# Surfside Surf



## big D. (Apr 10, 2010)

Staying at the Ocean Village Hotel & Resort on the beach next to the Red Snapper Inn resteraunt. I can see the jetty from here. The water looks green to the beach and the weed doesn't look too bad.

Is it worth fishing here or should I drive toward the pass and hit one of the access roads (3-6)? Anyone fish here?

There is weed in the water but it looks minimal enough to soak some bait or cork & shrimp! I'm gonna give it a shot this evening and at first light in the morning!


----------



## big D. (Apr 10, 2010)

Has anyone fished this area? Any good? My son cleared a path through the weed and the tractors are working  maybe we can get on them?


----------



## davidluster (Sep 16, 2008)

Some of my students have been hammering trout in the surf under corks in that area...shrimp and arti's.


----------



## SurfRunner (May 22, 2004)

Fish there! It can be good!


----------



## wish2fish (Mar 1, 2005)

If the weed isn't there then it is probably the only spot on the Texas coast where it isn't so I would stay there and fish it.


----------



## big D. (Apr 10, 2010)

Been in the water all afternoon. Not much weed. Just alittle on the bottom at times. I'm about to pop some shrimp under a cork. Report to come later. The weed would prob make it hard to fish Artie's though...


----------



## big D. (Apr 10, 2010)

Horrible evening! Just left the ER. The water was green and full of bait, but the surf was too rough! My son caught a hardhead and after he took the hook out, a huge wave knocked him over and the catfish stuck at least 1" into the ball of his hand! We cut the fish off, but he was in so much pain that I had to take him in! They numbed it and gave him morpheme and a tetanus shot. Doc had to get vice grips and pull hard to get it out. I couldn't believe how much was in there!
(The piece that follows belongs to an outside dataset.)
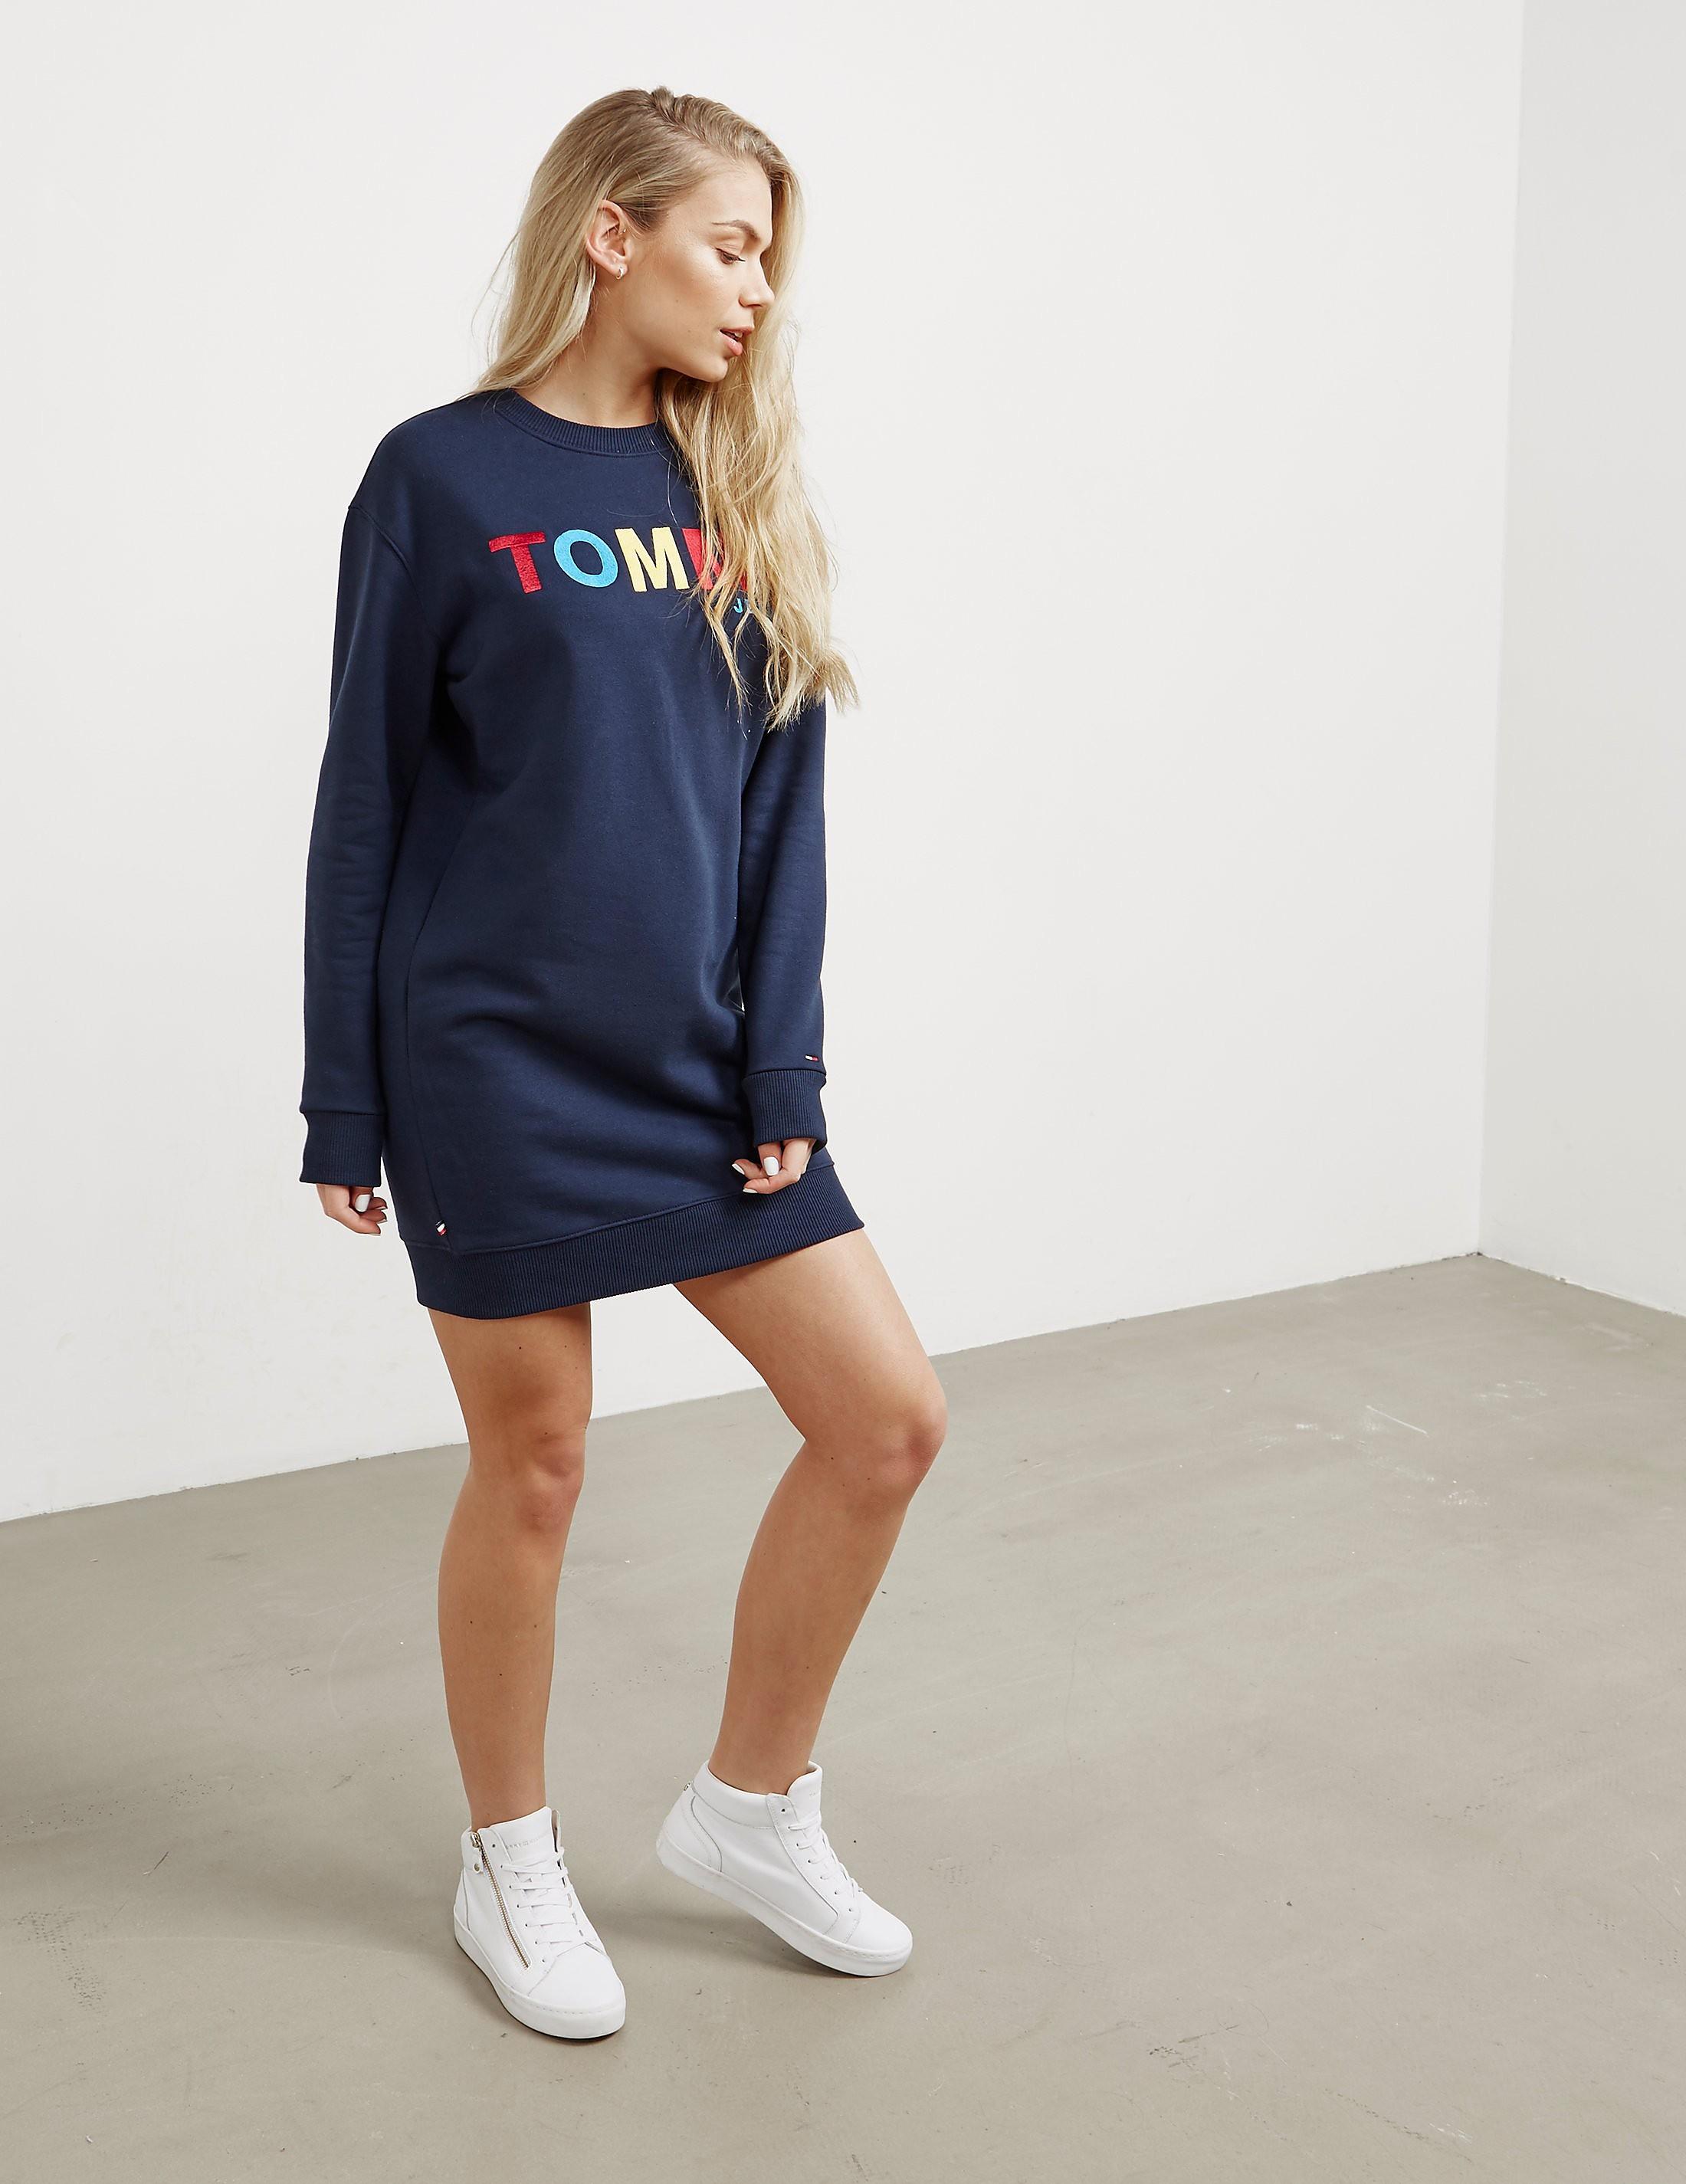 Tommy Hilfiger Sweatshirt Dress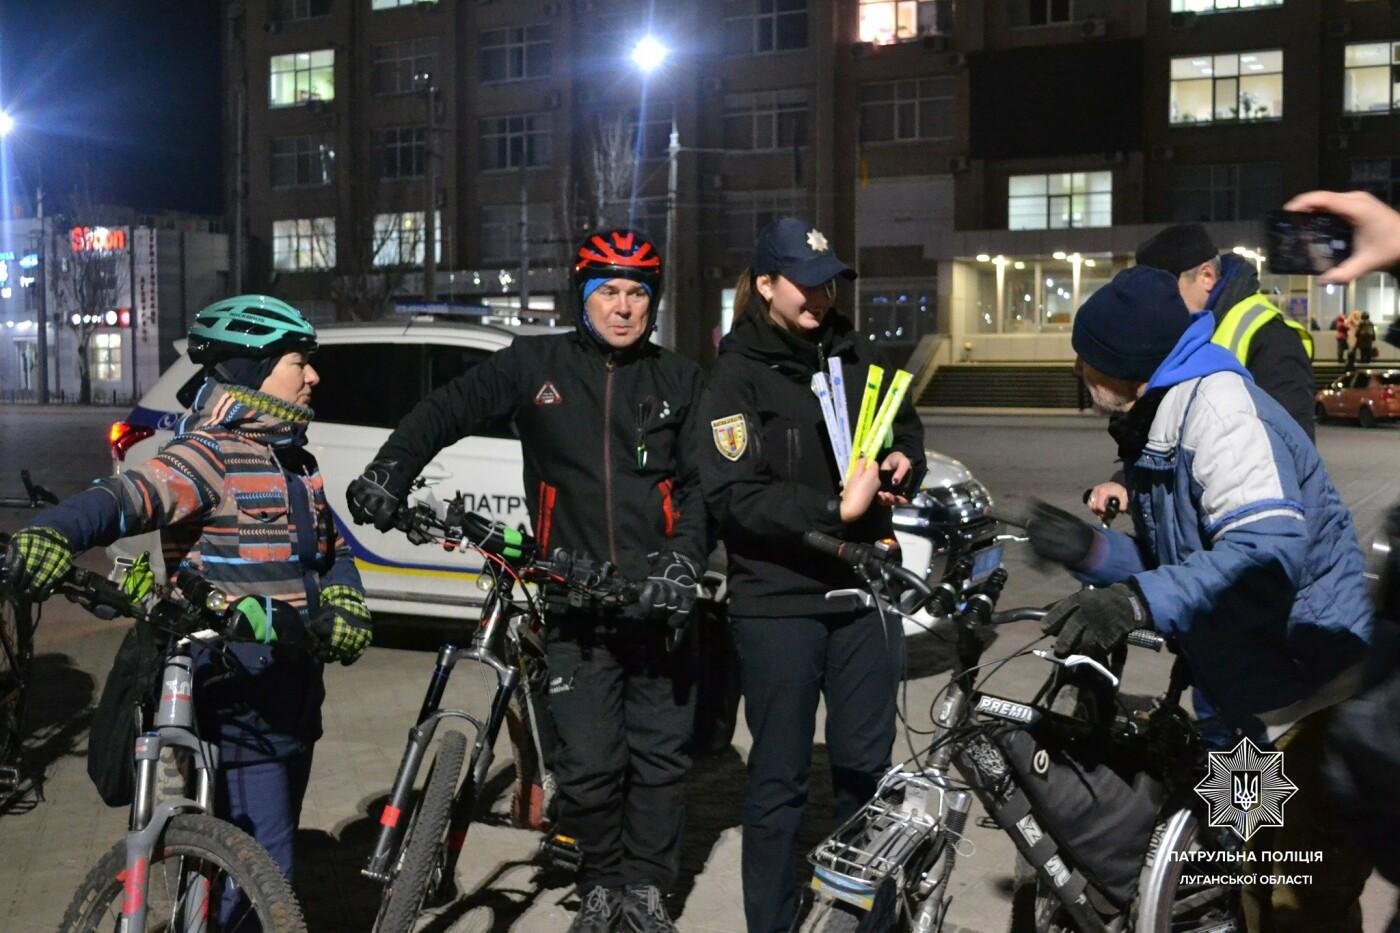 Мнение северодончан о мероприятиях полиции, фото-1

There is barbs down the length of the spines!!! Ouch!


----------



## ak (May 6, 2012)

I can only imagine I've had a few stick in my hand and foot but never that bad hope it gets better quick.


----------



## fishingcacher (Mar 29, 2008)

Glad you got him to the ER.


----------



## fishingtwo (Feb 23, 2009)

sorry to hear(see) that. Not much worst than that.


----------



## waltmeda (Jul 9, 2013)

Holy Ouch!!!!!


----------



## dbarham (Aug 13, 2005)

Man that sux!


----------



## Yellow.mouth (May 10, 2013)

Another lifelong hatred for heardheads is born! Glad your boy is ok, had a similar experience as a kid, and i know it was miserable for him.


----------



## NOCREEK (Jan 18, 2012)

Wow! That's a Dog! Hope he heals up quick and doesn't get surf shy.


----------



## Rawpower (Jul 4, 2011)

Man, Thats s**ks. I hope your son is o.k. I had a small hardhead stick me in the calf. It took a couple of weeks for it to heal up. Good luck!!


----------



## dan_wrider (Jun 21, 2011)

Man, that's too bad. I just knew y'all were going to pull some trout from there. Hope the young man gets to feeling better soon. I've never been hit anywhere near that bad at least I never lost that much blood but I have been hit pretty good once. It felt like my hand had been electrocuted.


----------



## shutout (Mar 2, 2014)

Sorry to hear about your son. Hope he heals fine.


----------



## Duckchasr (Apr 27, 2011)

Man sorry to hear that. Hope hes ok. When my kids were little I took them down to the surf to fish with fresh dead I caught a HH and it flopped around and buried the fin in the ball of my hand I yanked it out but it immediatly swelled up and I started to feel faint had to sit on the beach and recover for over an hour. I hate them bastasted.


----------



## pickn'fish (Jun 1, 2004)

Sorry about the misfortune. Keep a close eye on it...
Last year, a buddy got a dorsal from gafftop stuck in his chest. He was unable to pull it ouch!. ER and no wading for several weeks...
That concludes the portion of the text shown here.